Cross-Talk Between Antigen Presenting Cells and T Cells Impacts Intestinal Homeostasis, Bacterial Infections, and Tumorigenesis

Abstract

Innate immunity is maintained in part by antigen presenting cells (APCs) including dendritic cells, macrophages, and B cells. APCs interact with T cells to link innate and adaptive immune responses. By displaying bacterial and tumorigenic antigens on their surface via major histocompatibility complexes, APCs can directly influence the differentiation of T cells. Likewise, T cell activation, differentiation, and effector functions are modulated by APCs utilizing multiple mechanisms. The objective of this review is to describe how APCs interact with and influence the activation of T cells to maintain innate immunity during exposure to microbial infection and malignant cells. How bacteria and cancer cells take advantage of some of these interactions for their own benefit will also be discussed. While this review will cover a broad range of topics, a general focus will be held around pathogens, cancers, and interactions that typically occur within the gastrointestinal tract.

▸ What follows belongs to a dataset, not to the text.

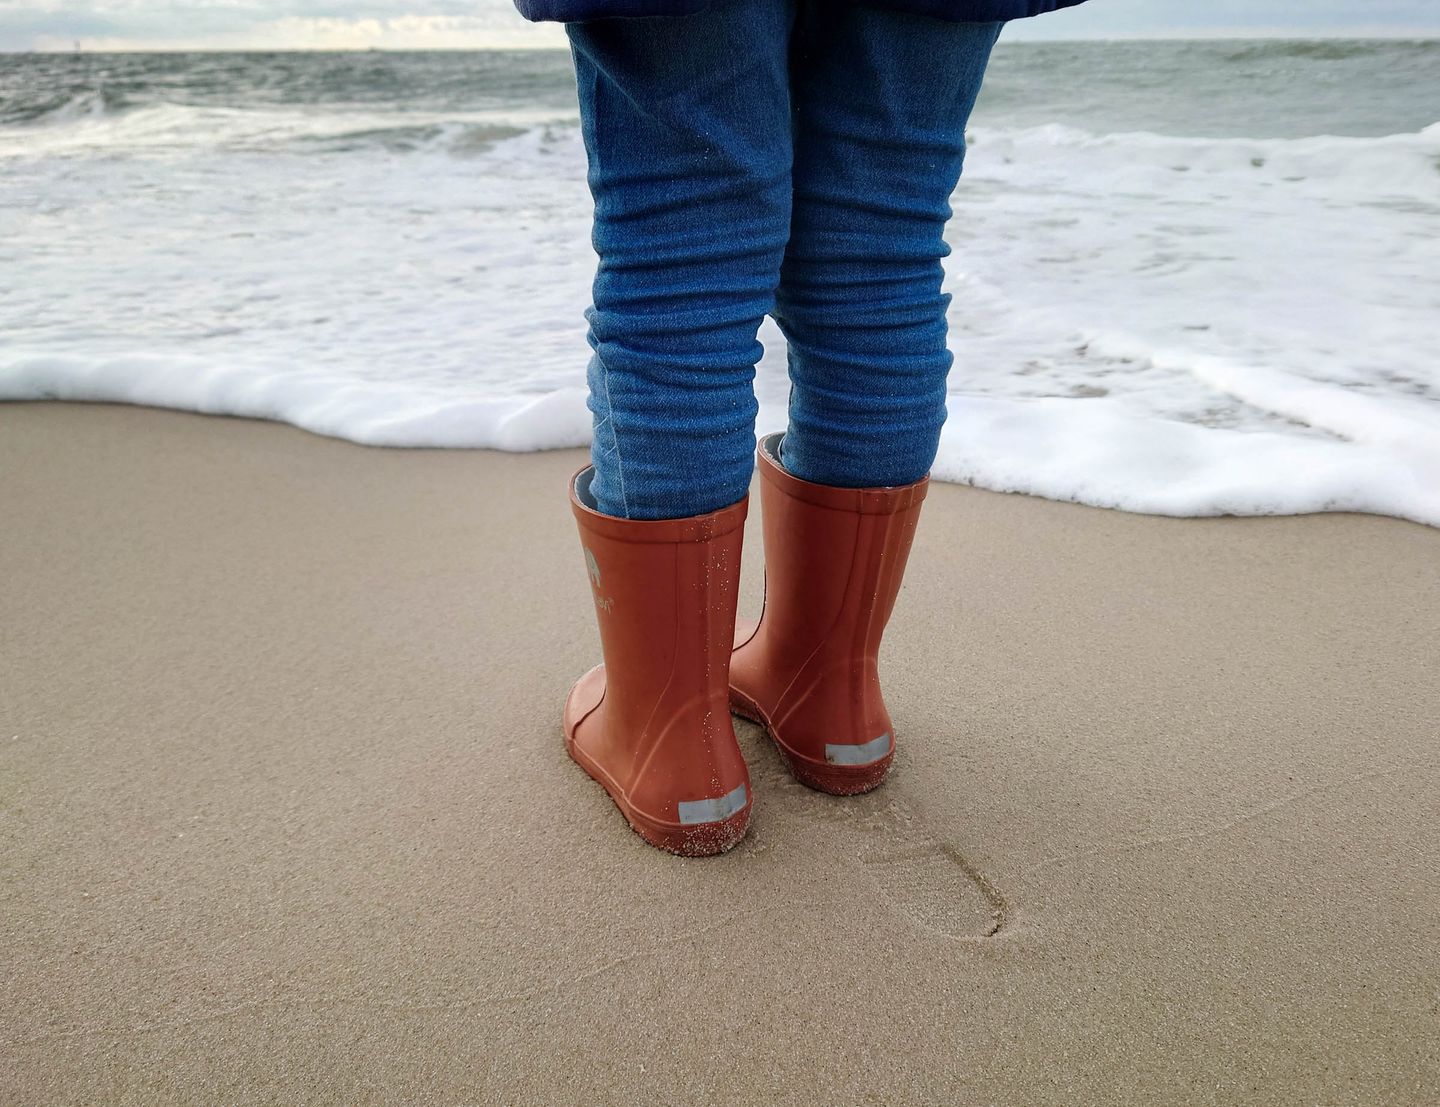 Gummistiefel sind die idealen Begleiter bei einen Strandspaziergang mit Wind und Regen
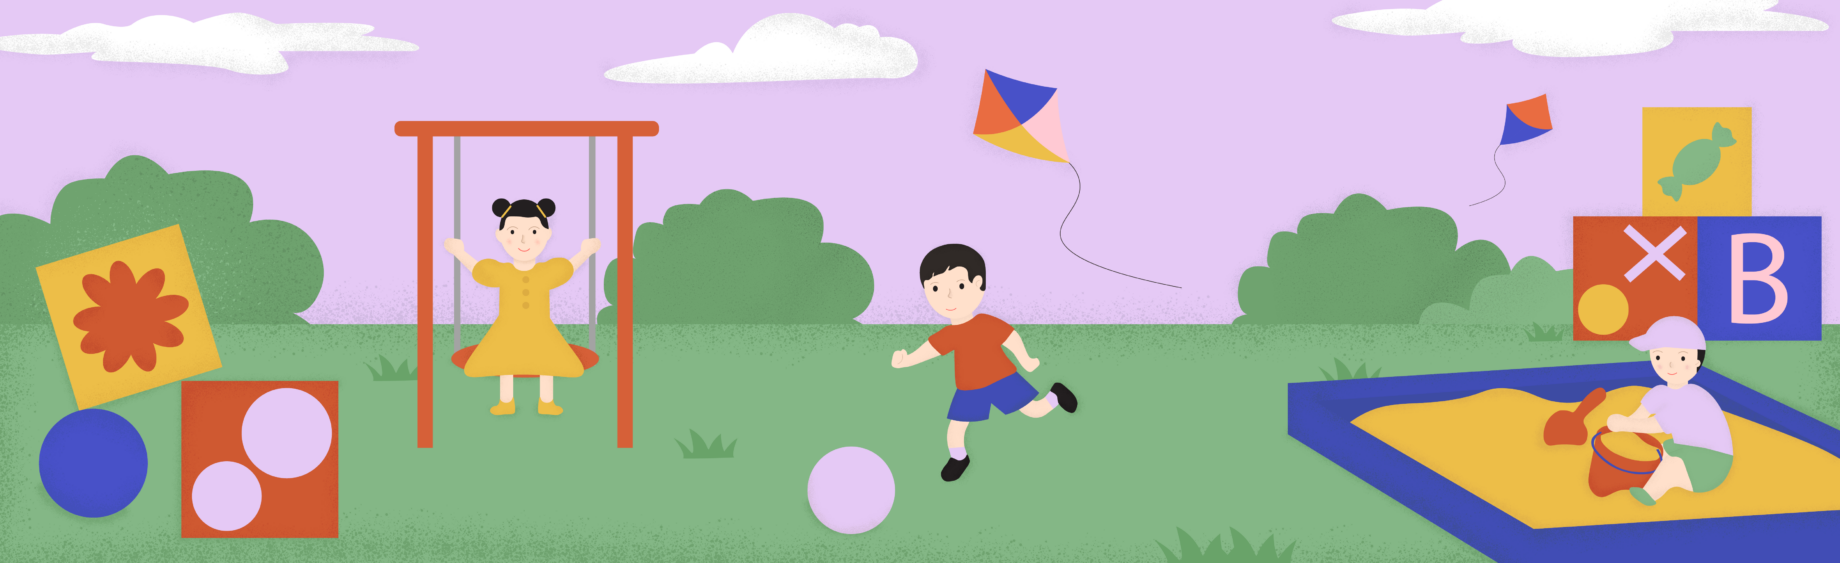 10 подвижных игр из нашего детства: развлекаем и оздоравливаем ребёнка

Keywords: APC; CRC; PAMP; SCFA; SFB; TLR.

Figure 1

Overview of innate immune interactions under homeostasis and dysbiosis. In healthy individuals, the commensal microbiota secretes products, including SCFAs such as butyrate, that act on DCs to maintain a commensal-tolerant immune system. The presence of commensal microbes has also been associated with an increased presence of T_h17 cells. Also, ILCs secrete cytokines to alter T cell function to maintain homeostasis. When dysbiosis is induced by bacterial pathogens such as S. Typhimurium, microbiota composition changes and mucus secretion increases. S. Typhimurium infection occurs via transcytosis by M cells into Peyer's patches where the bacterium can travel through lymphatic vessels to the MLN. To mount an immune response, S. Typhimurium antigens such as flagellin monomers are detected by TLR5 of DCs. DCs then produce IL-23 which promotes the release of IL-17 by memory T cells. IL-17 stimulates the differentiation of naïve CD4⁺ T cells into T_h17 cells. Likewise, TLR9 and NOD2 receptors are activated within Paneth cells to upregulate the secretion of AMPs.

Figure 2

CRC altered microbiota-dependent innate immune signaling facilitates tumorigenesis. The intestinal microbiota changes with the progression of CRC. For instance, increased levels of F. nucleatum have been associated with increased severity of CRC. CRC cells also display a “leaky” epithelial layer which allows for the entrance of microbial products into the tumor microenvironment. These products activate TLR signaling by DCs. IL-23 is then secreted by DCs to promote the secretion of IL-17A by T_h17 cells. IL-17A, in turn, is associated with angiogenesis.